Give all of the listing again word for word, with images excluded.

:: Data ::

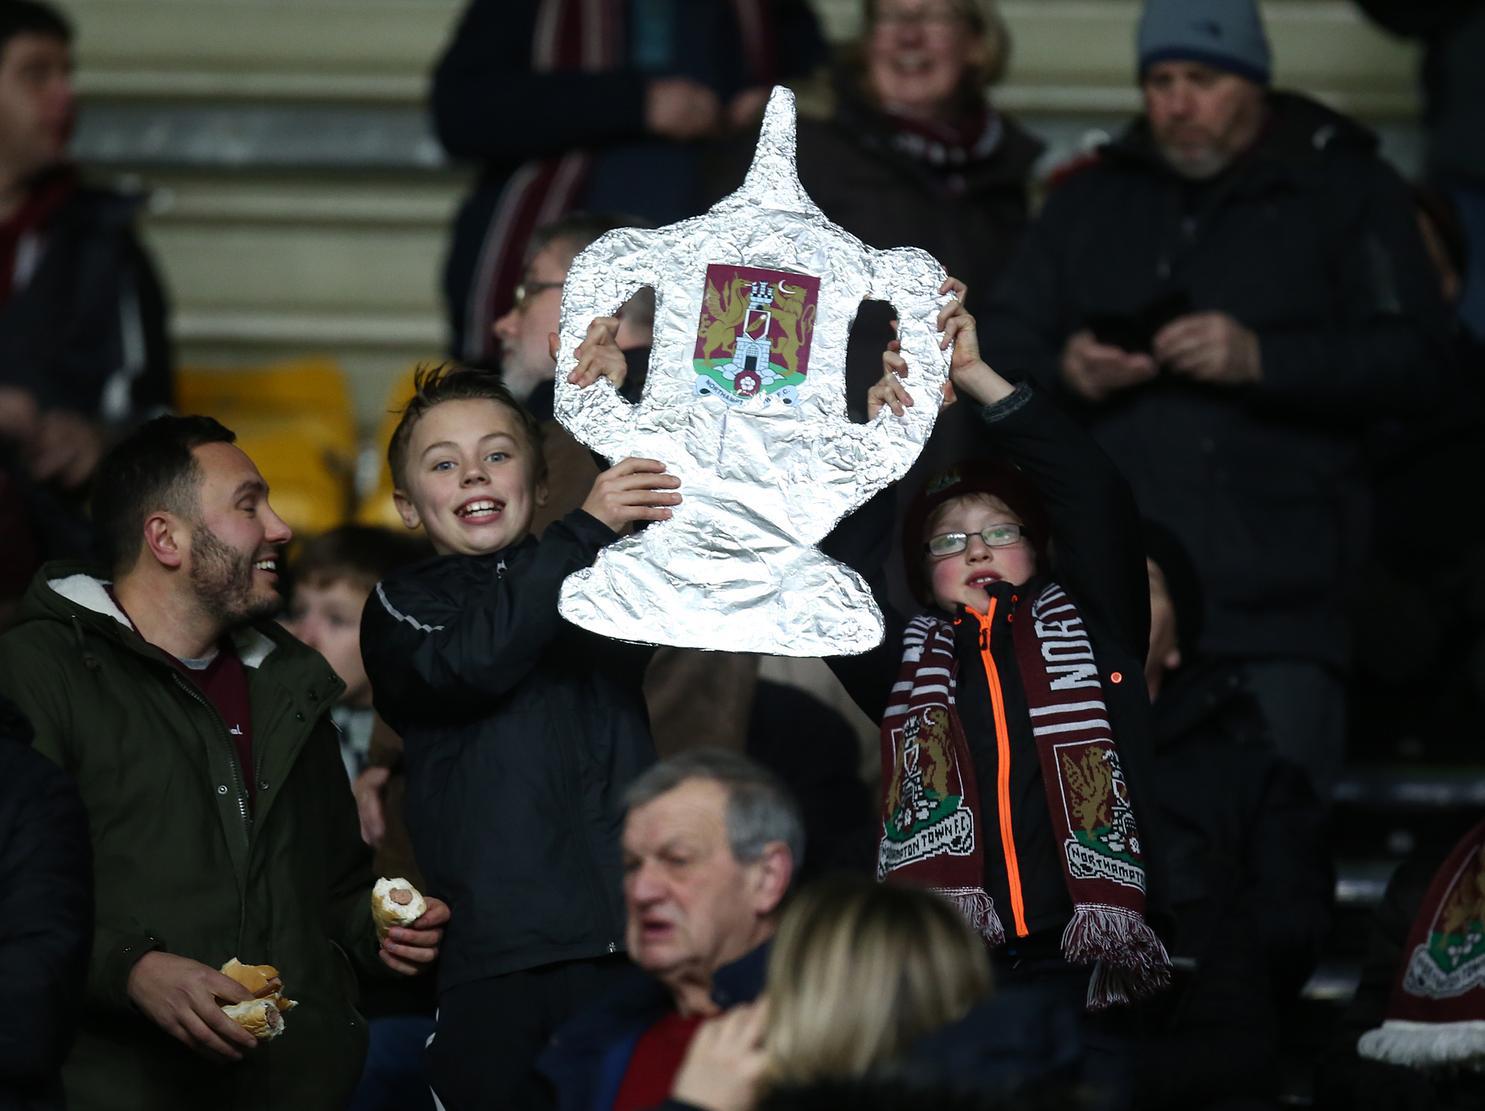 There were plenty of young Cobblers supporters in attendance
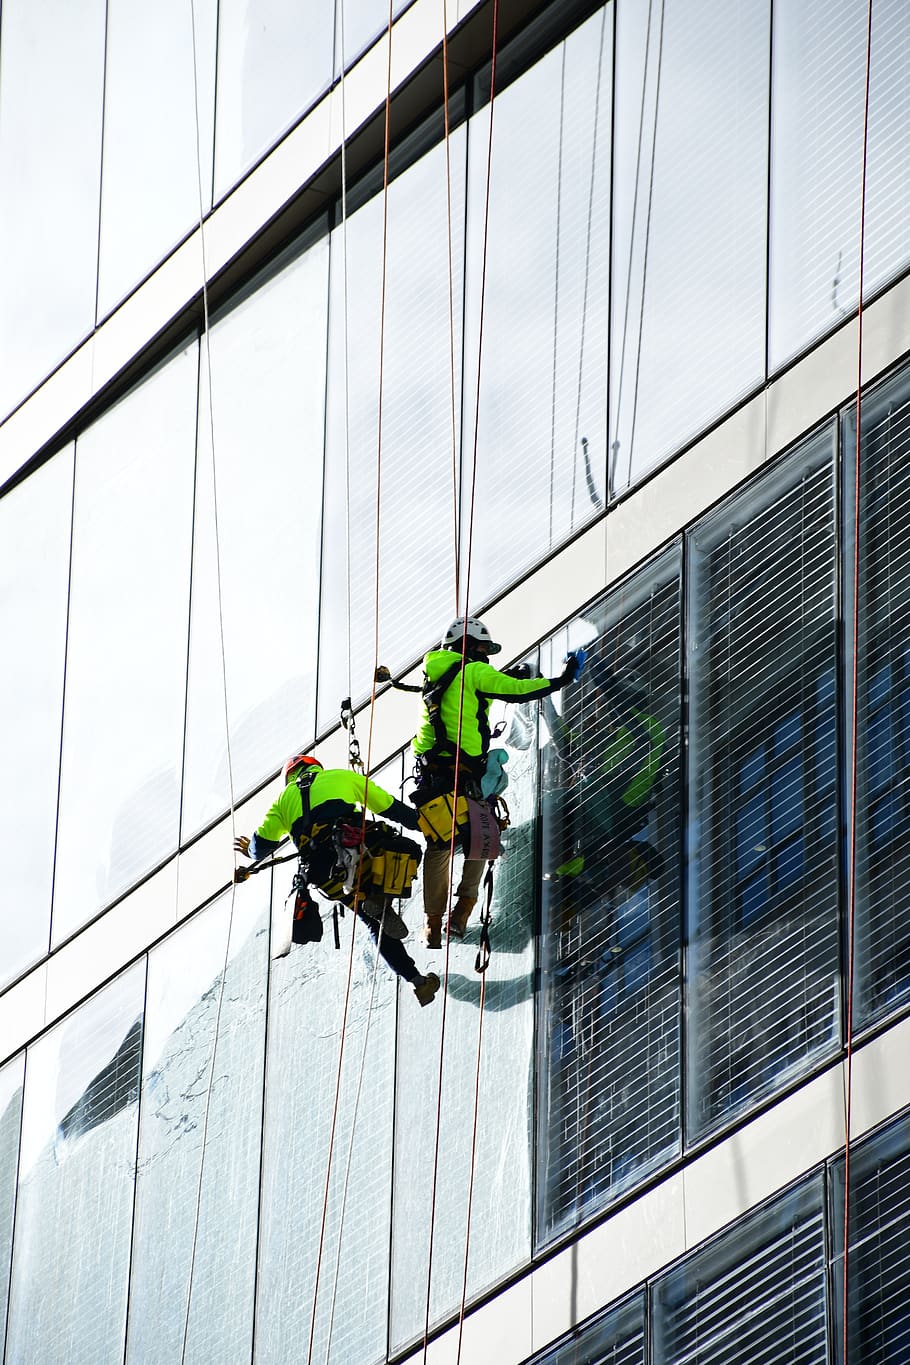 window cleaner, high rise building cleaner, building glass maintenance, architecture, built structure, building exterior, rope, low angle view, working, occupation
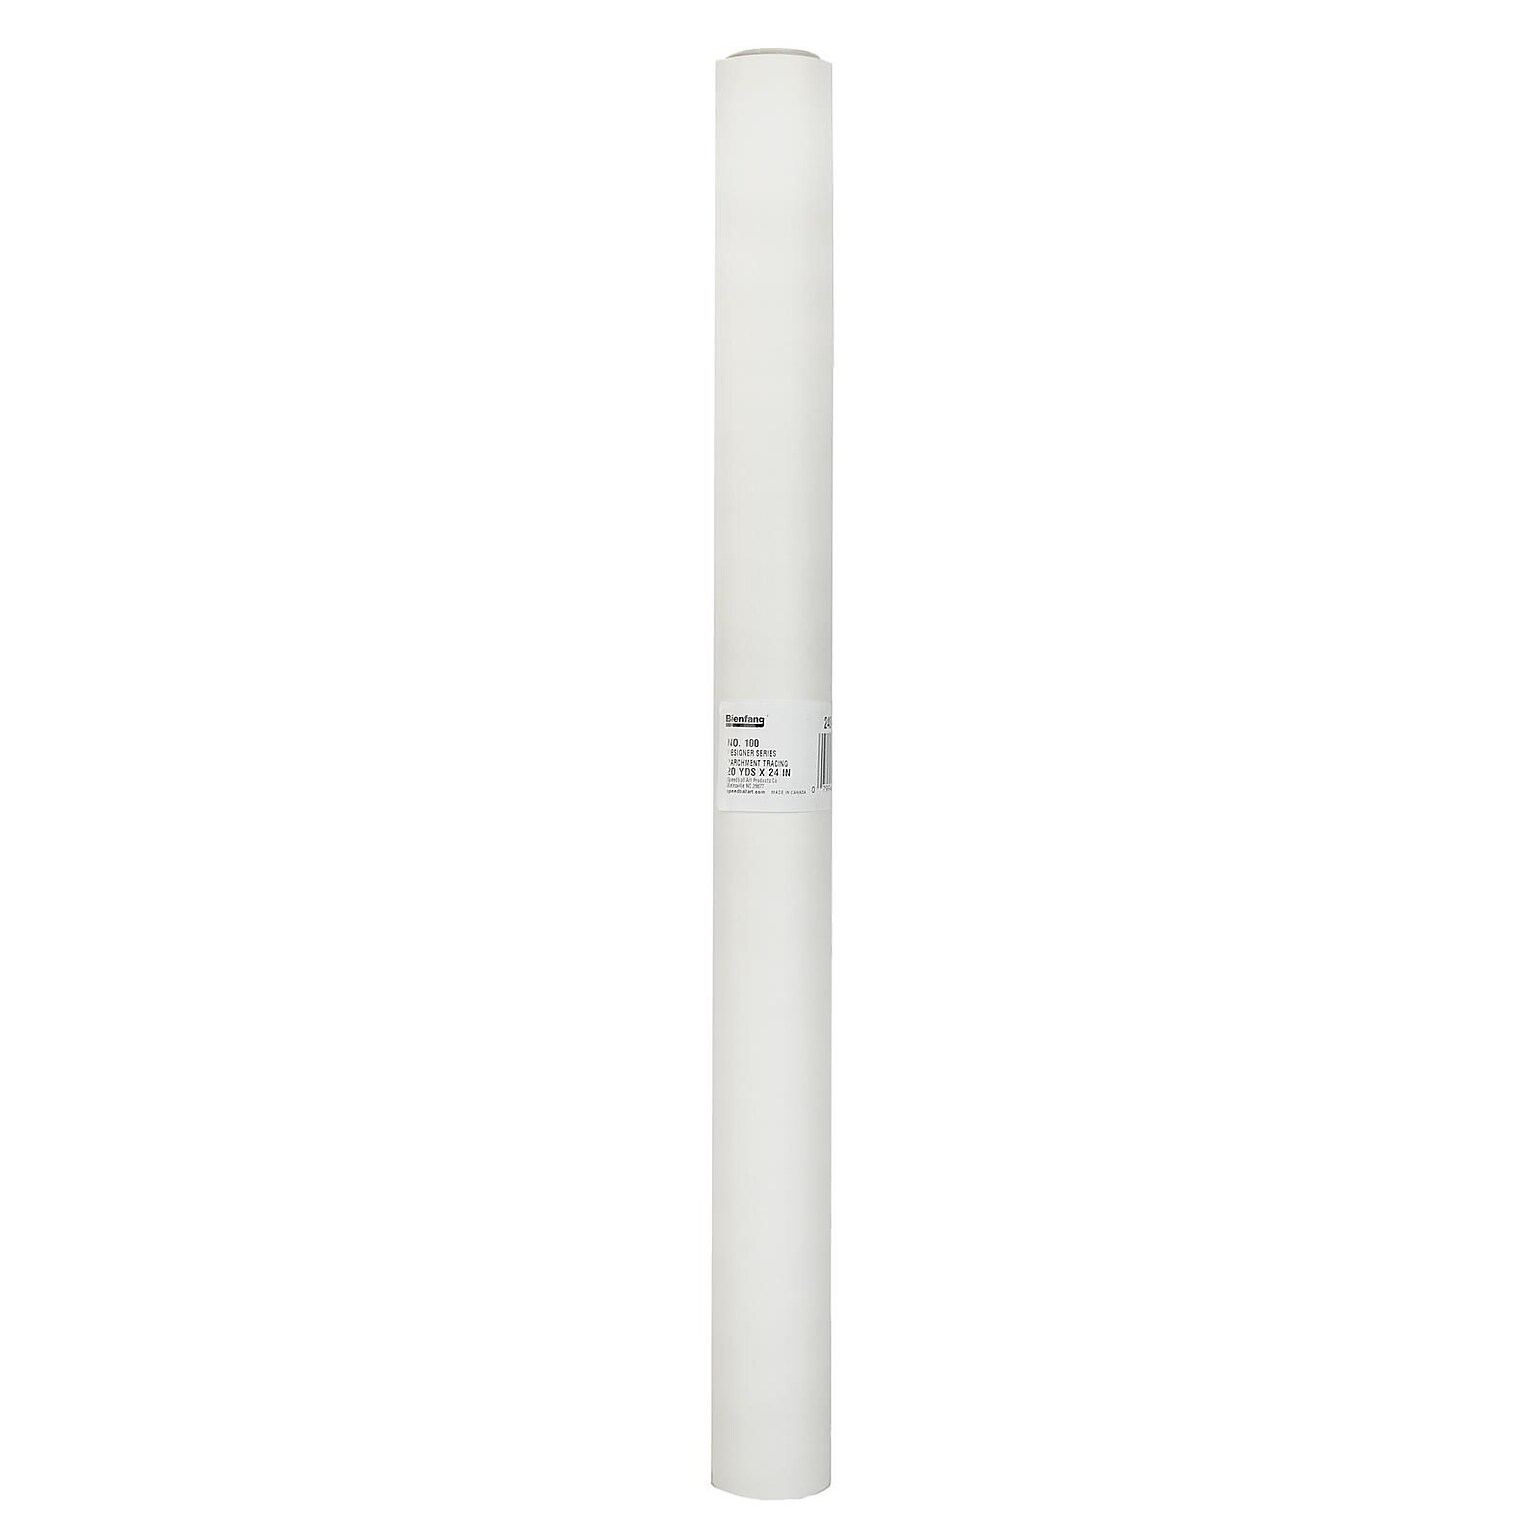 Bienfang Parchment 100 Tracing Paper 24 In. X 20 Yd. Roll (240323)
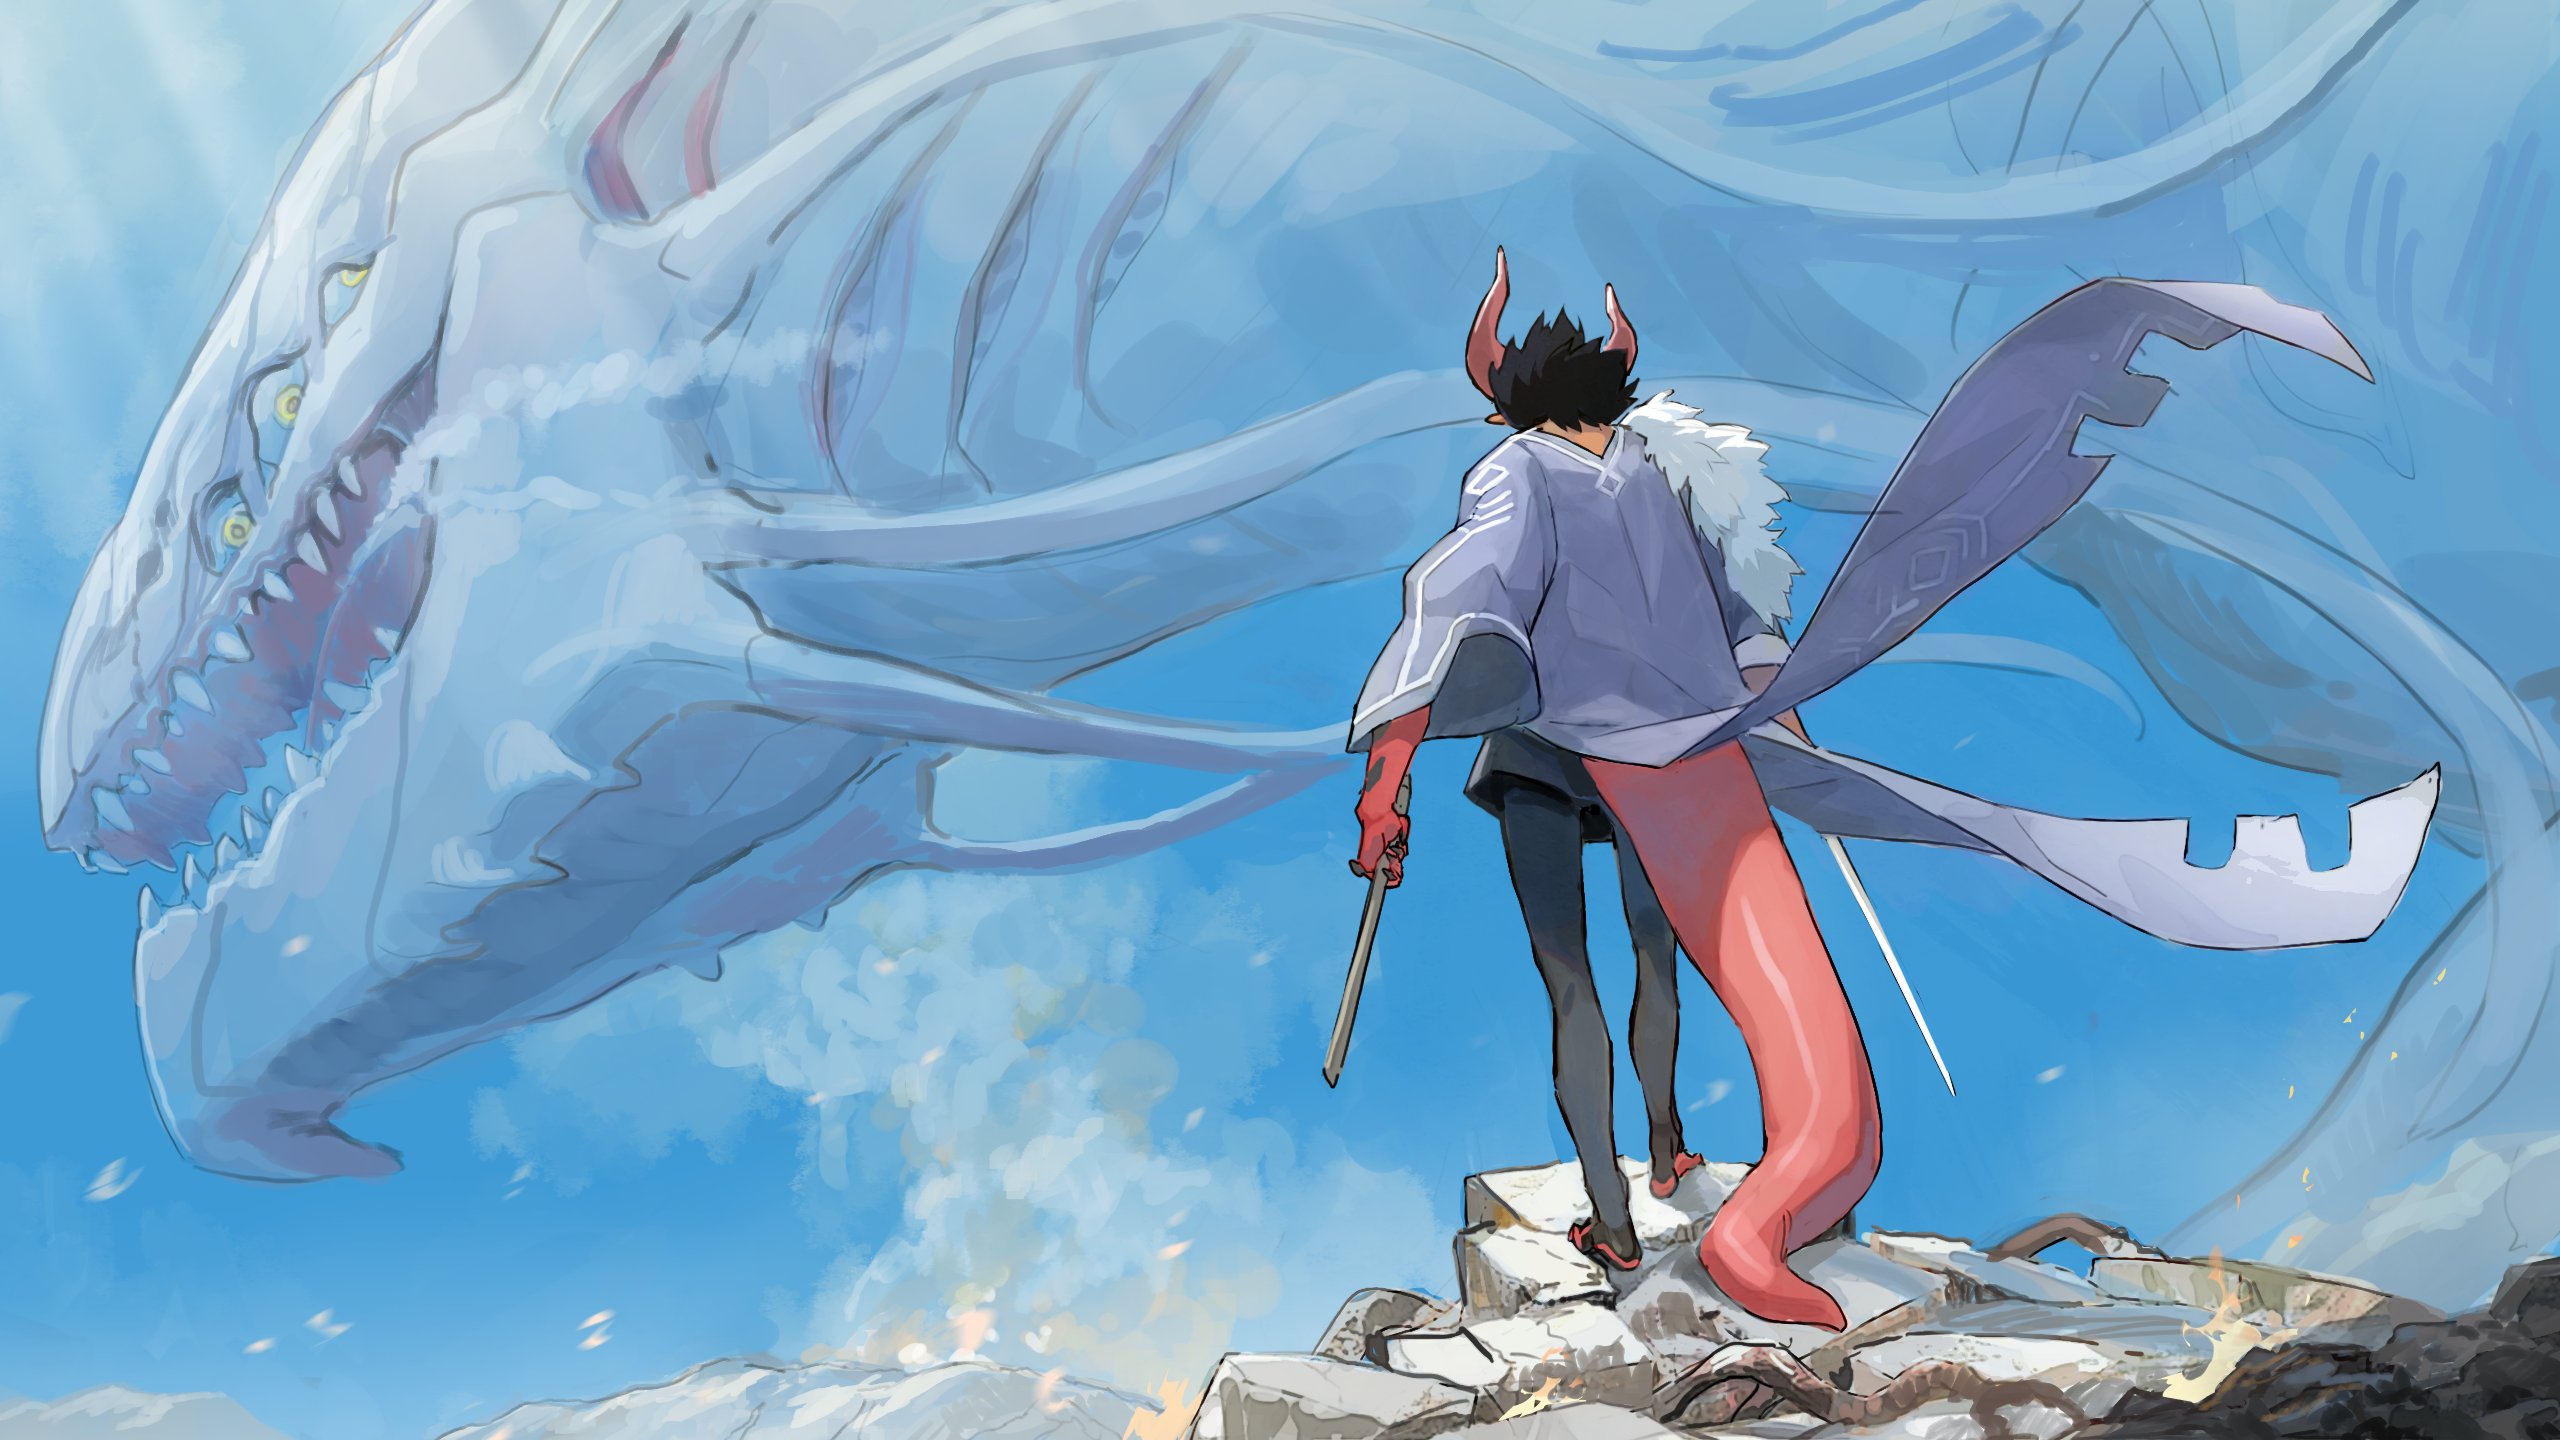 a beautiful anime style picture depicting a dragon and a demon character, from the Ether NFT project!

:::

- Task output
 There were plenty of young Cobblers supporters in attendance
 window cleaner, high rise building cleaner, building glass maintenance, architecture, built structure, building exterior, rope, low angle view, working, occupation
 Bienfang Parchment 100 Tracing Paper 24 In. X 20 Yd. Roll (240323)
 a beautiful anime style picture depicting a dragon and a demon character, from the Ether NFT project!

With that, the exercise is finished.